The optimization of the operations of electrical machines is a topic of paramount importance when considering energy efficiency of industrial plants. They are responsible for around 45% of the total global electric power consumption, thus any improvement of their efficiency can result to be extremely beneficial in terms of power savings and emissions reduction.
Electrical machines are operated at variable speed when the electric supply passes through a converter. This lets one modify the voltage frequency and amplitude, hence operate the machine at variable torque and speed. The machine and its converter are grouped together in the electrical drive.
The main topic of Work Packet 4 is to make energy savings for optimal control of electrical drives, in particular considering a compressor as load. In particular we consider nonlinear models for the losses which occur in the motor. These are normally not accounted for in the state-of-the-art, since the constructor provides only limited information and they cannot be easily estimated.
Optimizing over these sources of losses turns out to be beneficial, especially when compared to standard techniques. Hence, we obtain steady-state efficiency improvements of 2 % when considering optimal techniques compared to the state-of-the-art, without reducing the delivered torque and speed on the rotor shaft.
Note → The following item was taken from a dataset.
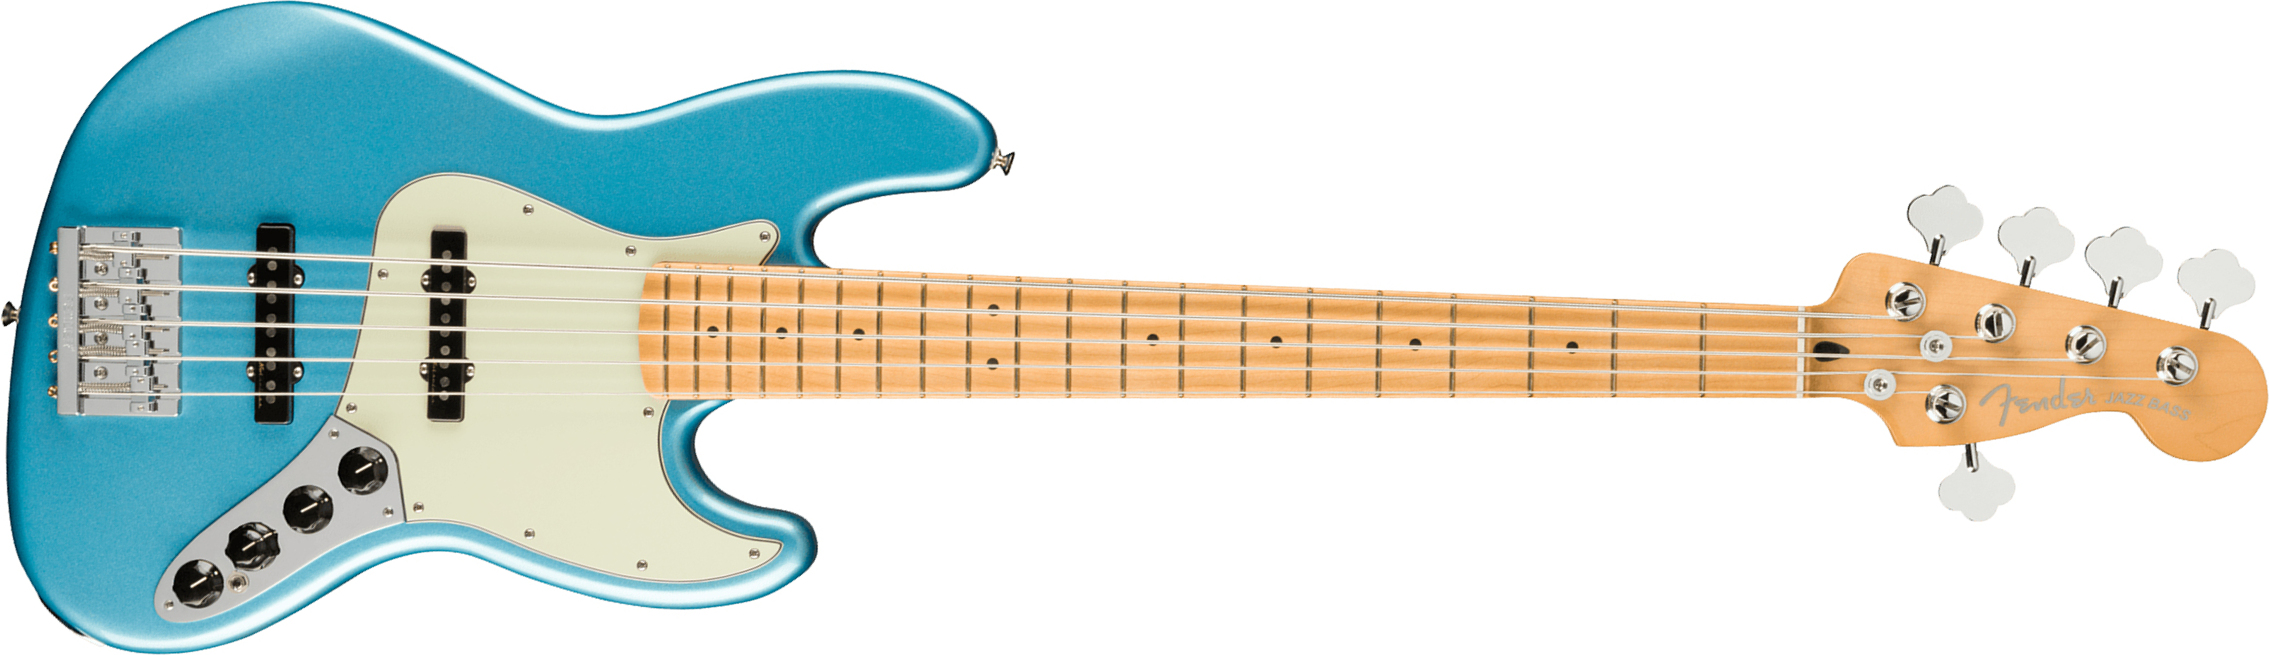 Fender Jazz Bass Player Plus V Mex 5c Active Mn - Opal Spark - Bajo eléctrico de cuerpo sólido - Main picture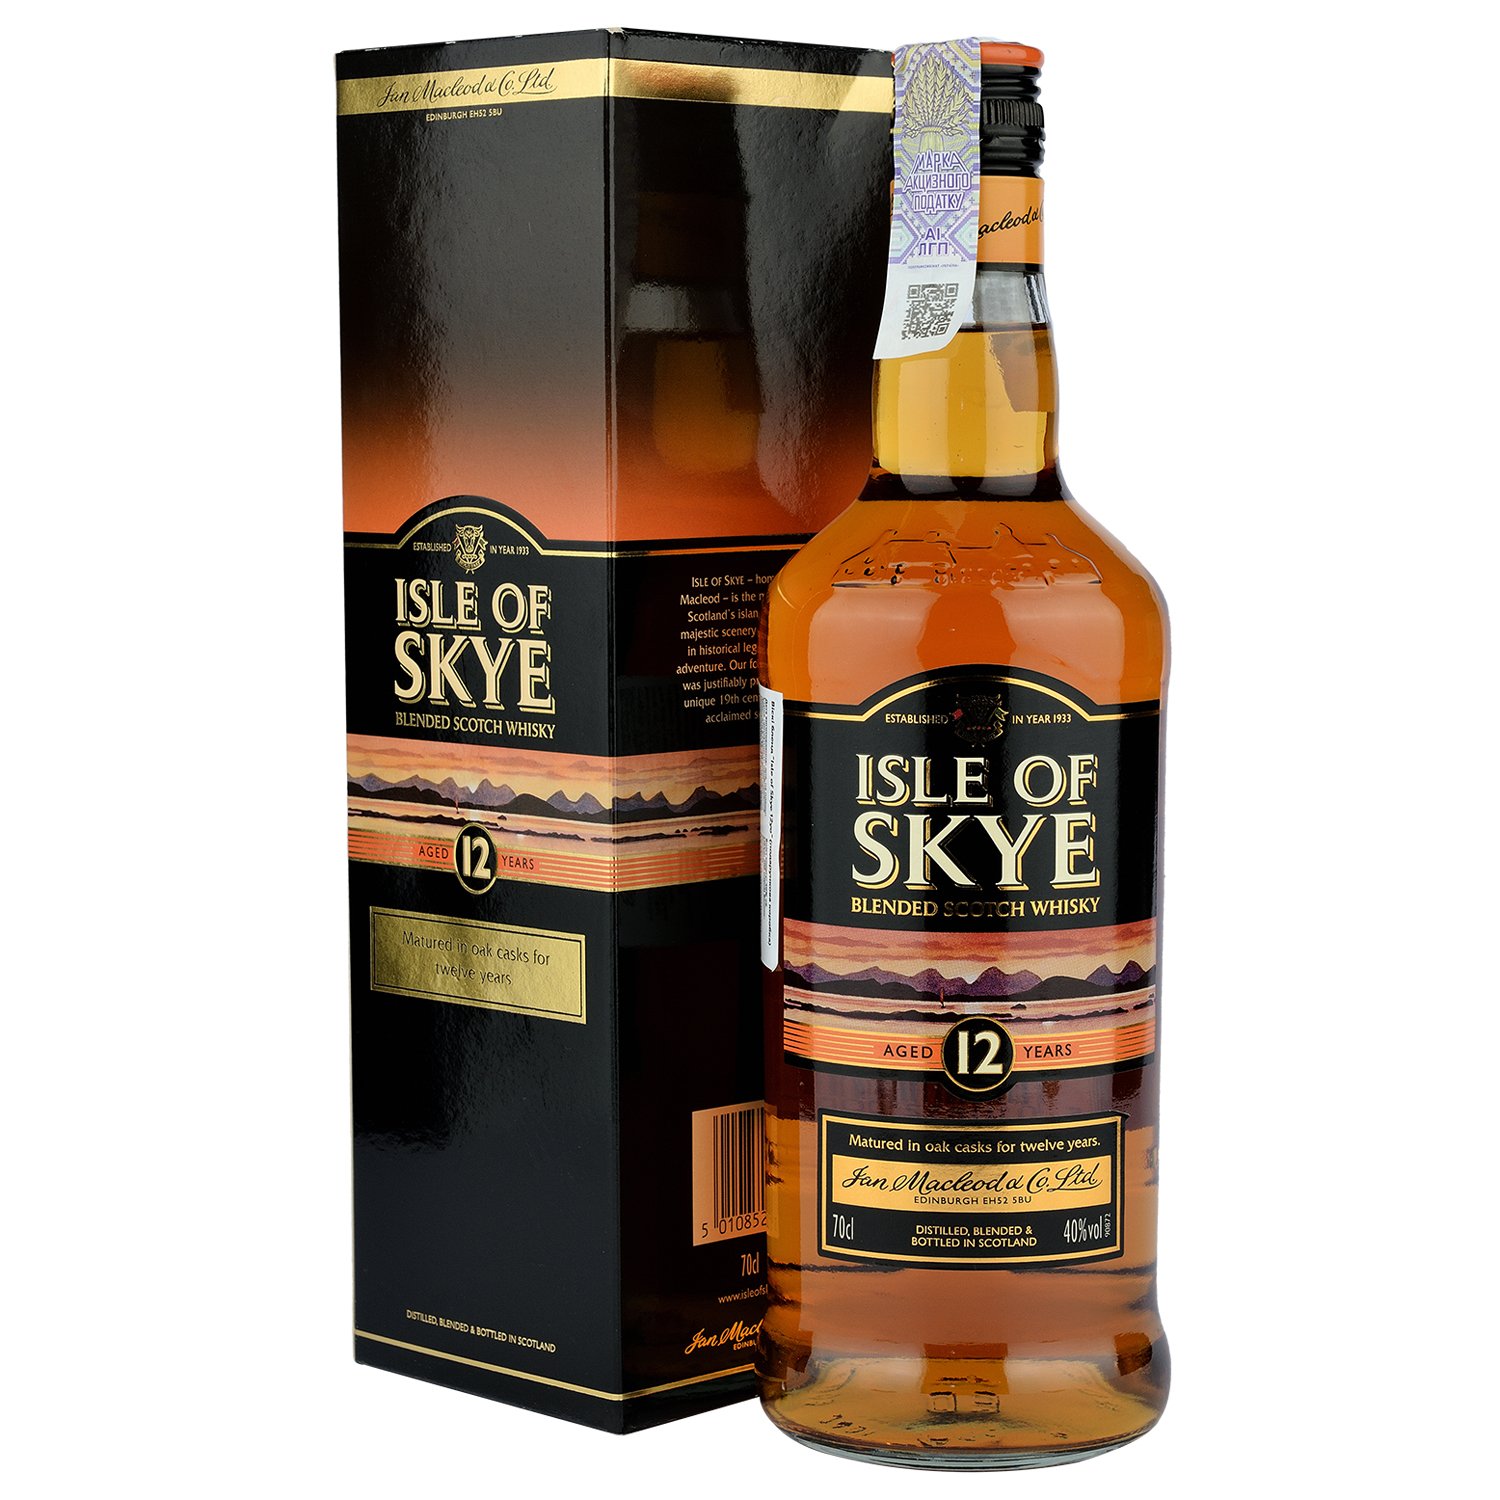 Віскі Isle of Skye Blended Scotch Whisky 12 yo, в подарунковій упаковці, 40%, 0,7 л - фото 1

The results have been experimentally assessed on the test bench in figure.
Optimization can also be efficiently employed to control compressors in order to avoid instabilities and maximize their efficiency. This is done by Model Predictive Control, which predicts the future evolution of the model and considers input and state constraints of the system. In this way, phenomena as surge are avoided and a desired operating condition is tracked. This prevents industrial compression system from being stopped when the operating conditions are not ideal, and extends the set of feasible operating points of the compression system.